When the monthly PMO (Price Momentum Oscillator) reaches a range extreme and changes direction, it is a pretty good indication that the long-term trend is changing. PMO direction changes in the middle of the range can often just be "noise", but, when the PMO has a long, sustained move in one direction and changes direction at an extreme overbought or oversold level, it demands our attention.
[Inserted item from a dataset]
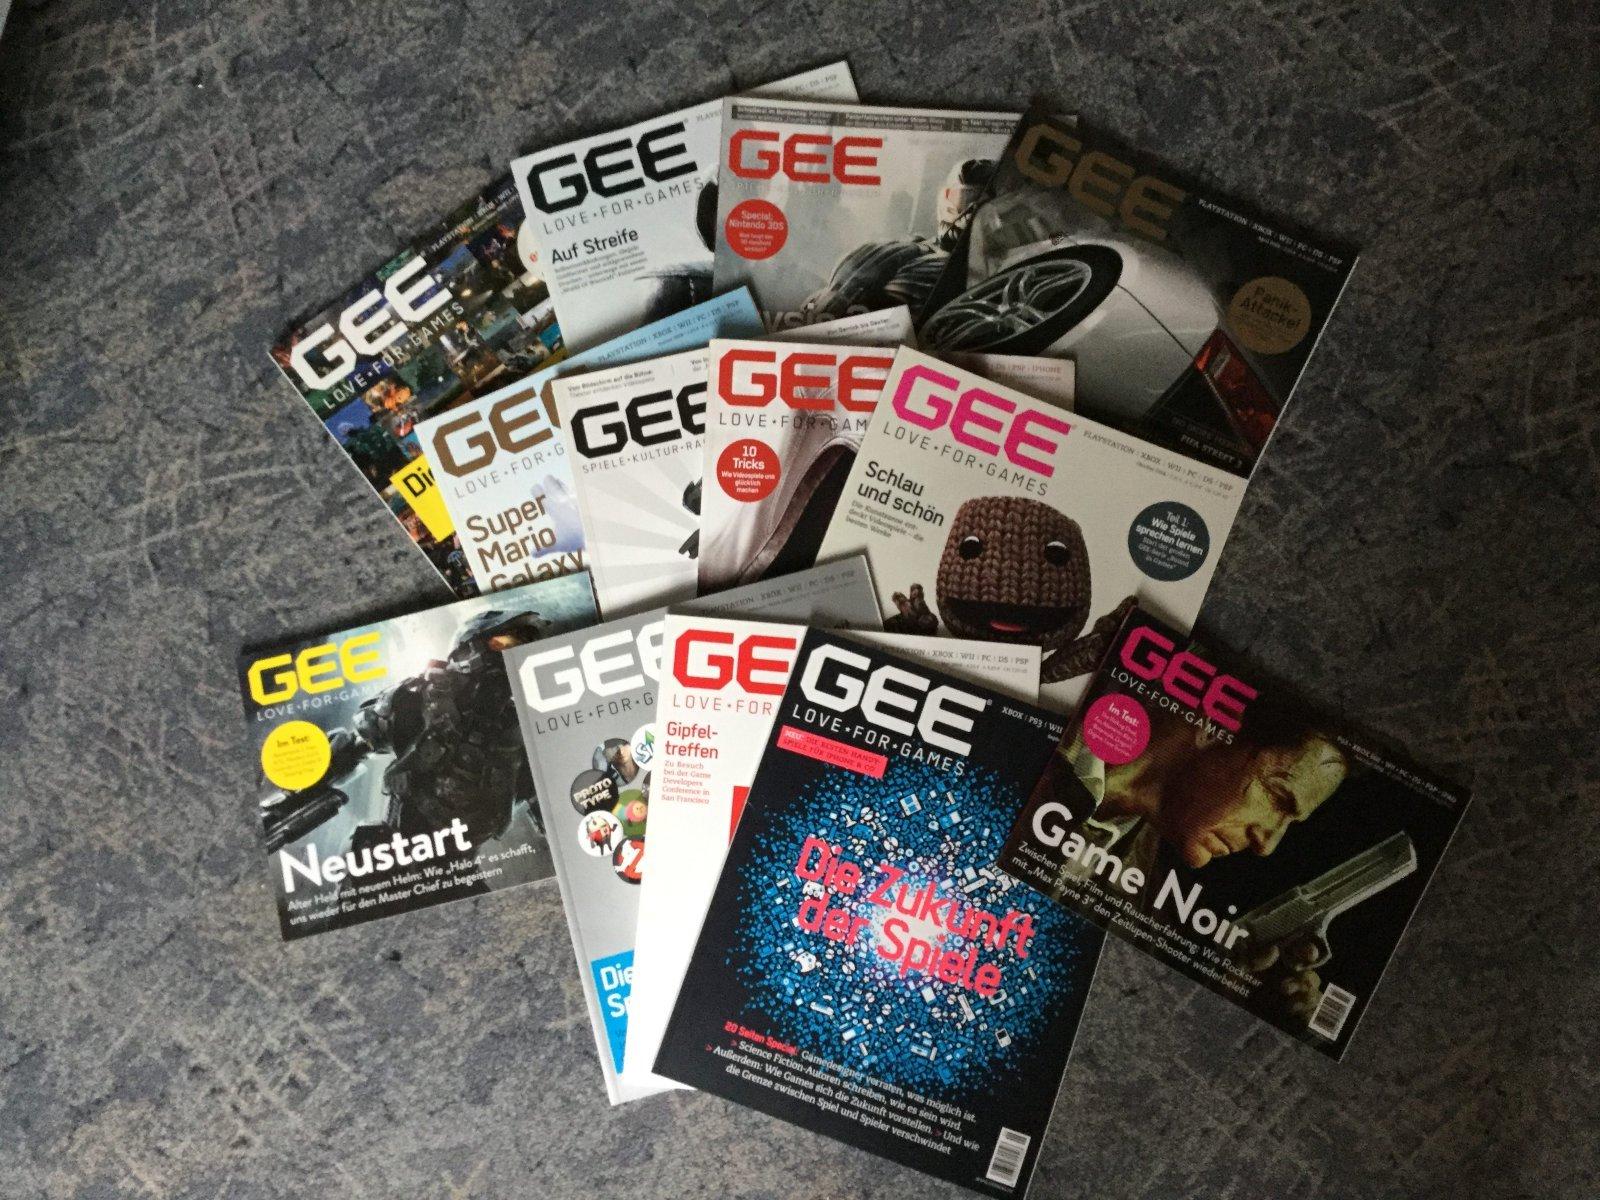 Die GEE hat mir gezeigt, dass Spiele auch Kultur sind. (Bild: Lennart Koch)

Such is the case now. The monthly PMO has been moving up for nearly three years, and it turned down this week. The PMO direction change is not official until the end of March , and, if gold rebounds from this correction, the PMO could still be rising as of the close on March 31. However, the situation is critical. Price has failed to hold above the long-term resistance around 415, but it remains above the the most accelerated rising trend line. If that support fails, chances are that gold will enter a correction lasting at least several months.
The stock market environment over the past six weeks has been fraught
with a good deal of rotation out of specific indices such as the Dow
and Nasdaq and into the S&P 400 midcaps and S&P 600 small caps.
And it is precisely this rotation effect that we believe is developing
in the weeks and months ahead between the Consumer Discretionary shares
(XLY) and Consumer Staples shares (XLP).
In essence, the relationship between these two is a "signal" into
investor confidence regarding spending patterns - a high ratio such as
at 1.40 or above current levels mind you - indicates a belief stronger
spending patterns are going to continue. However, we believe that given
debt the incremental stimulus amount is likely to fall in the future
means a "reversion" towards the mean will develop. Our target
for this is the longer-term 200-week moving average which implies the
recent decline off the highs is part and parcel of the first leg lower.
Hence, we would be buyers of consumer staples and sellers of consumer
discretionary and in some cases becoming outright short of discretionary
shares - in particular several retailers.